When Salli Richardson Whitfield started working on the new HBO series The Gilded Age, it wasn't the opulence portrayed in the story, nor the enormous wealth of many of its protagonists that struck her. What really stood out was the immense gap between the rich and the poor.

"It very much feels like we're living through the same thing now," says Richardson Whitfield, a director and executive producer on the series. "Whether it's a mansion in Newport, Rhode Island [where production shot exteriors], back then or a 20,000-square-foot house in Palm Springs today, it feels like the period resonates now."

Set in the 1880s, The Gilded Age follows the story of Marian Brook (Louisa Jacobson), who — after her father's death — moves from rural Pennsylvania to New York City to live with her old money aunts (Christine Baranski and Cynthia Nixon).

The series was created by Julian Fellowes, whose past period drama Downton Abbey also told a story bridling with upstairs-downstairs wealth disparity. Here it's more complicated, as Fellowes tackles a real onion of a tale, peeling back layer upon layer of social strata dictated by various confines: old money versus nouveau riche, old world aristocracy versus new world pedigree, constrictive social mores, unbending gender disparity and, yes, rampant racism.

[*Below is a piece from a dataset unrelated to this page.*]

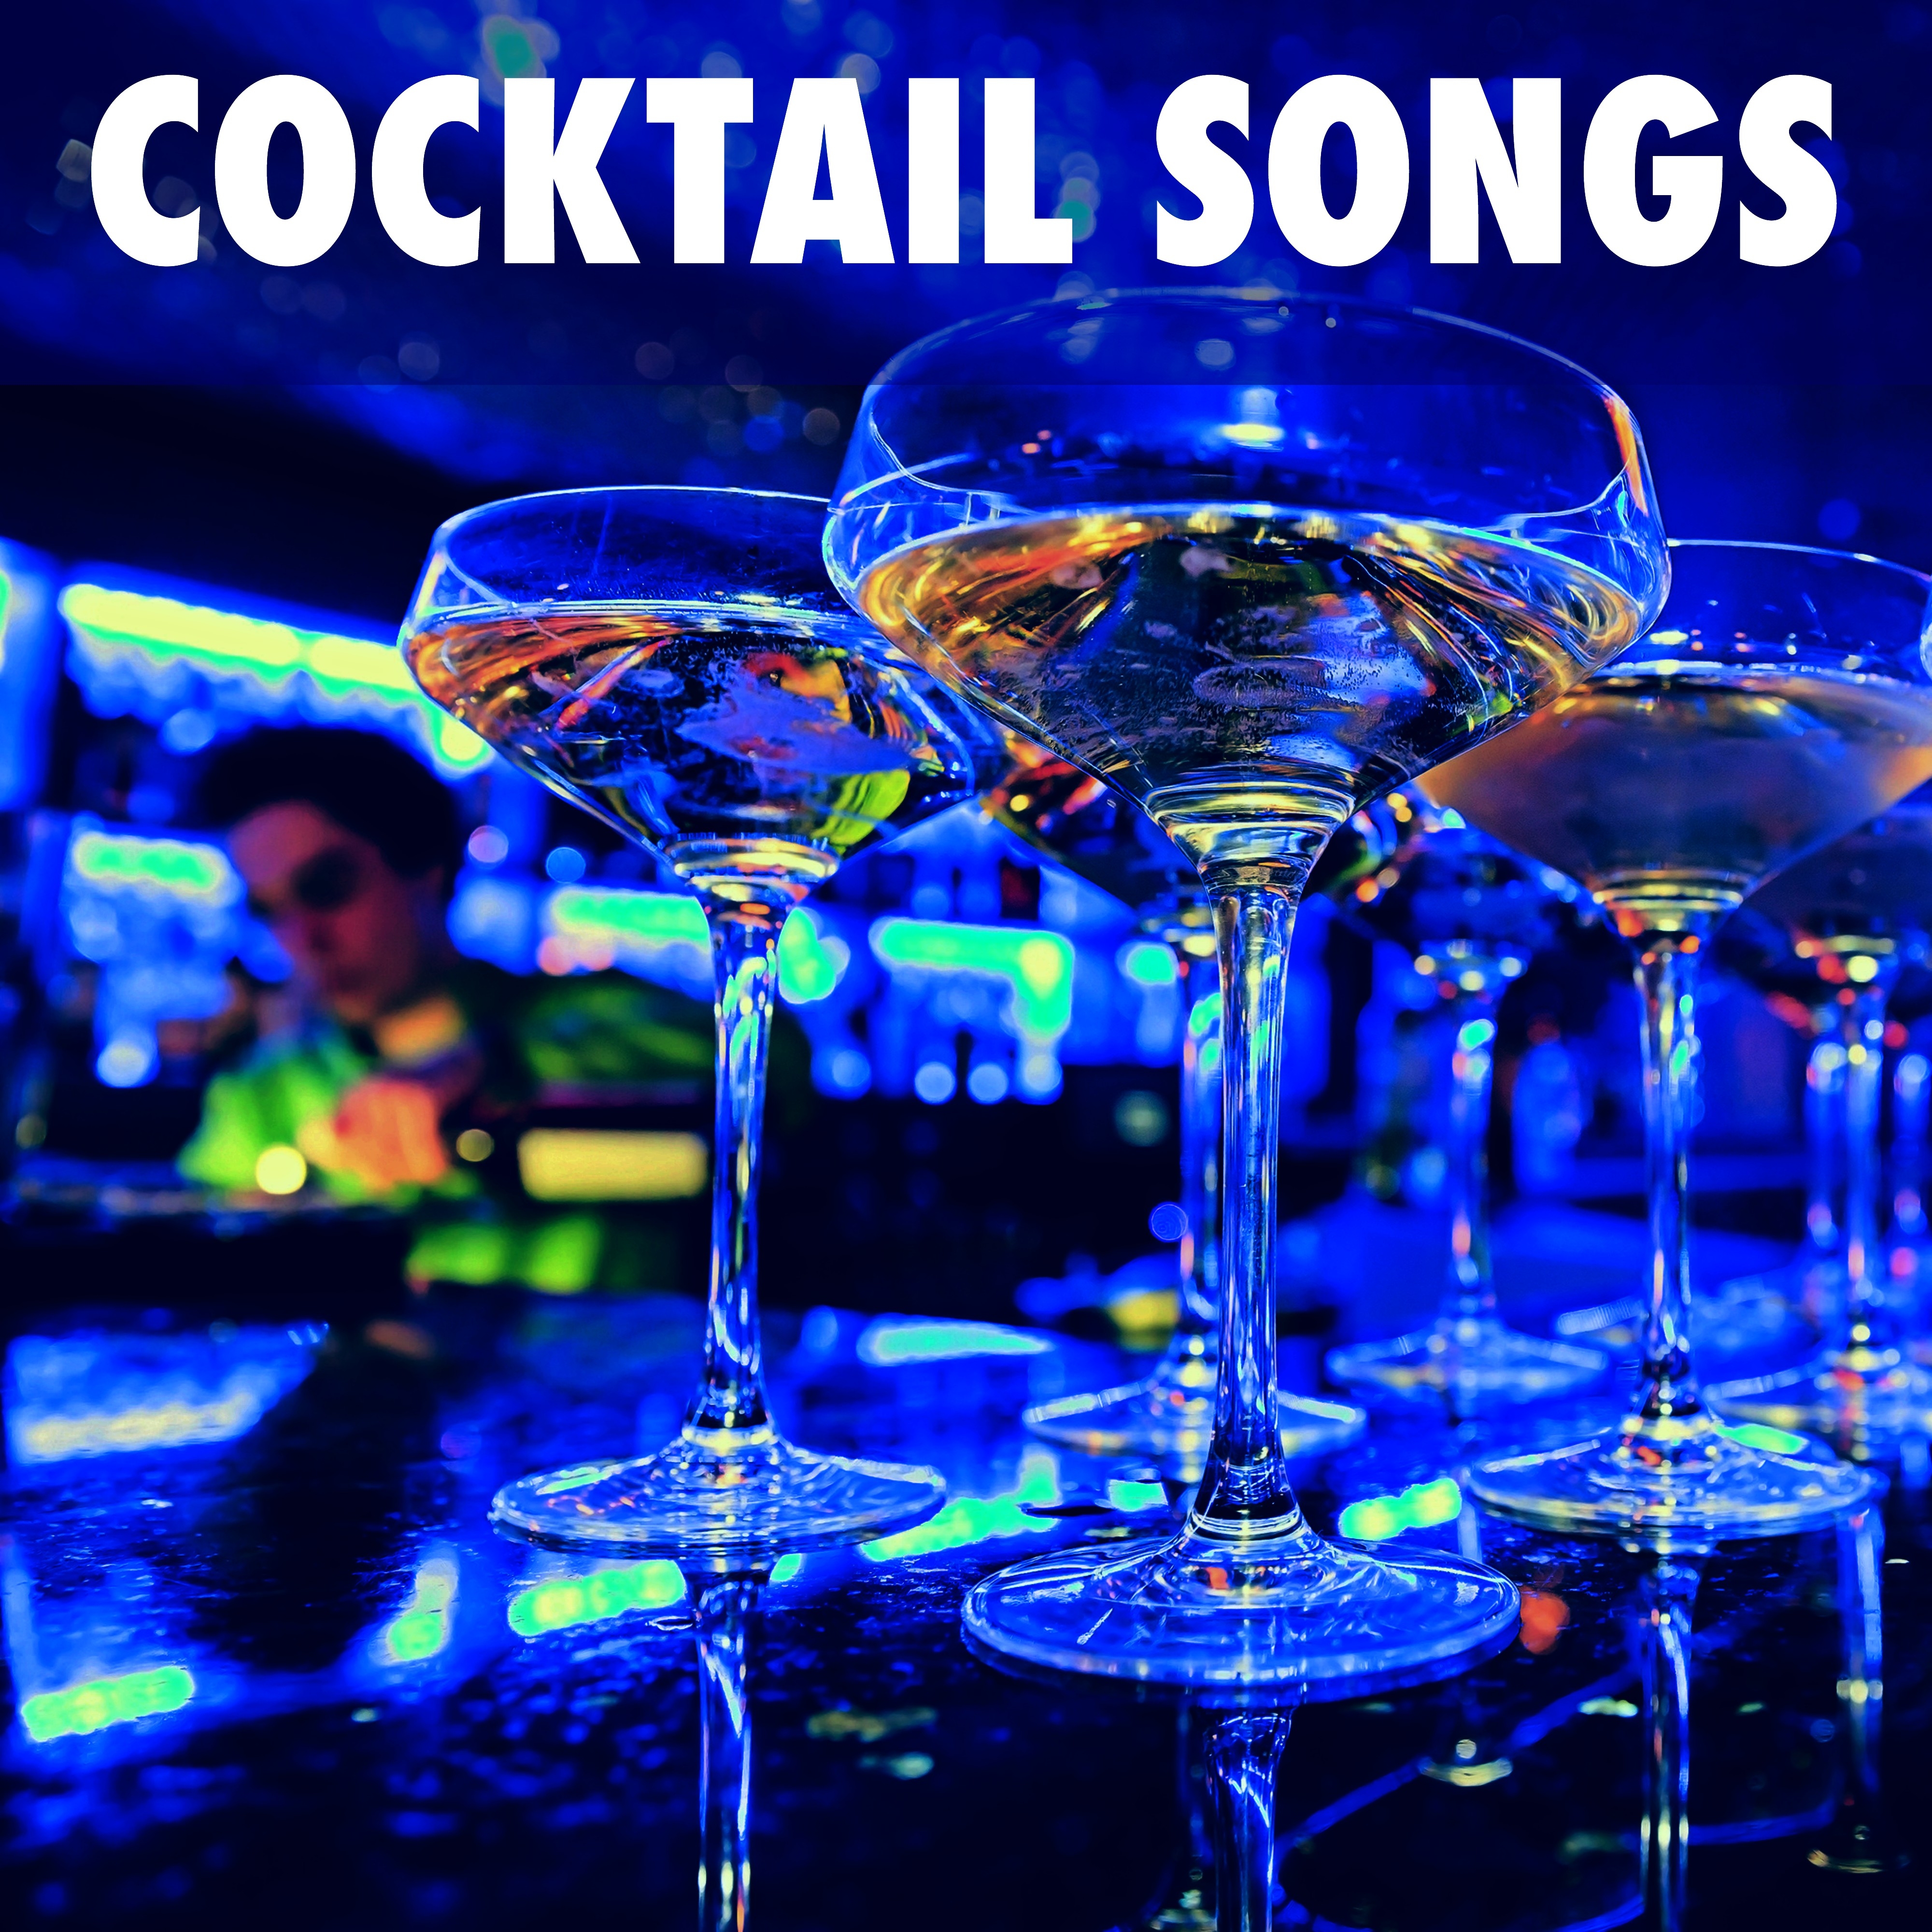 Cocktail Songs - Instrumental Chill Out Lounge Music to Relax & Drink

Given that the story begins twenty years after Abraham Lincoln issued the Emancipation Proclamation, Richardson Whitfield says that Fellowes keenly understood that The Gilded Age "couldn't just be about beauty and opulence... that we had to deal with some of America's issues."

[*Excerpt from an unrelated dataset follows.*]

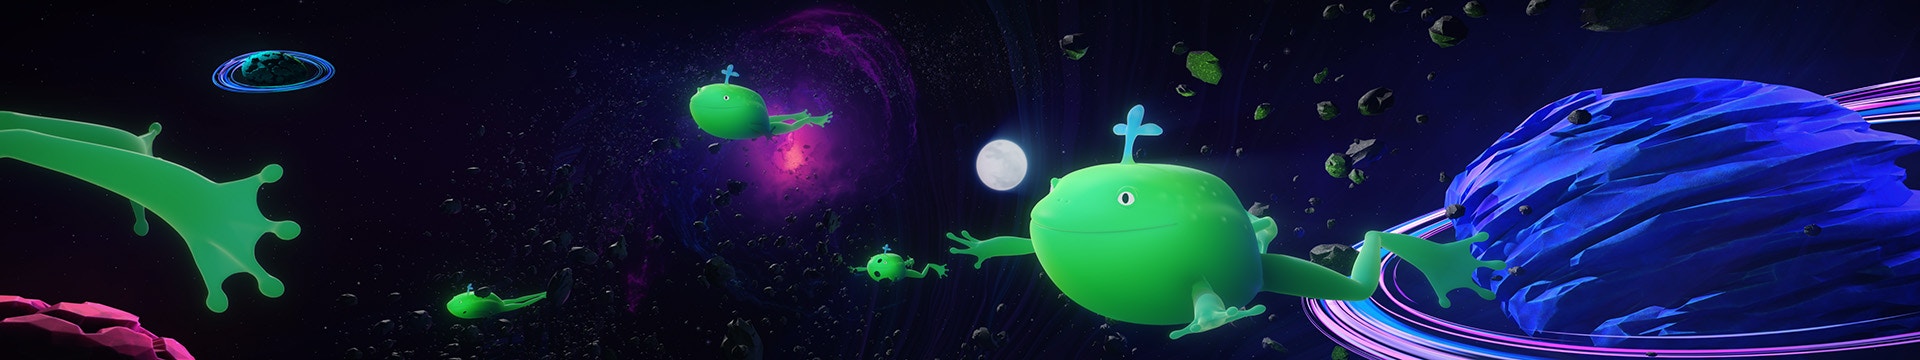 Space frogs swimming in a meteor shower close to a blue planet.

Richardson Whitfield began her career as an actress — past roles include costarring in Keenen Ivory Wayans' film A Low Down Dirty Shame and a series regular role in the Syfy show Eureka — but eventually moved toward directing with the encouragement of Ava DuVernay (creator of Queen Sugar). "There was a time in my life when I would have said no to the thought of directing, but Ava told me, 'I think you're a director and you just don't know it.'"

Richardson Whitfield has since discovered an appreciation for having control of the story, and was responsible for directing four of the season's nine episodes. And given her history as a performer, she has a clear understanding of how to communicate with actors. "I think I understand their language and their rhythm."

She's also enjoying the immersion into the world of Gilded opulence. "The costumes are so gorgeous, the hats — all from Paris — they are a character in their own right!"

But when it comes to lavishness, perhaps nothing is more visually stunning than the chandelier being hung in a newly constructed New York mansion owned by a ruthless railroad tycoon. Weighing 395 pounds and bedecked with 8,661 individual hand-pinned lead crystals from Austria, Turkey and Egypt, the lighting fixture — commissioned for this series — oozes over-the-top wealth and an obsessive ambition to impress.

"Because of the money it took just to mount a show like this, I can't imagine this being anywhere other than HBO," says Richardson Whitfield. "What I'm hoping is that with this story we've found a sweet spot between reality and fun."

One that will obviously be well lit, to boot.


The Gilded Age debuted January 24. New episodes air weekly on HBO and will be available to stream on HBO Max.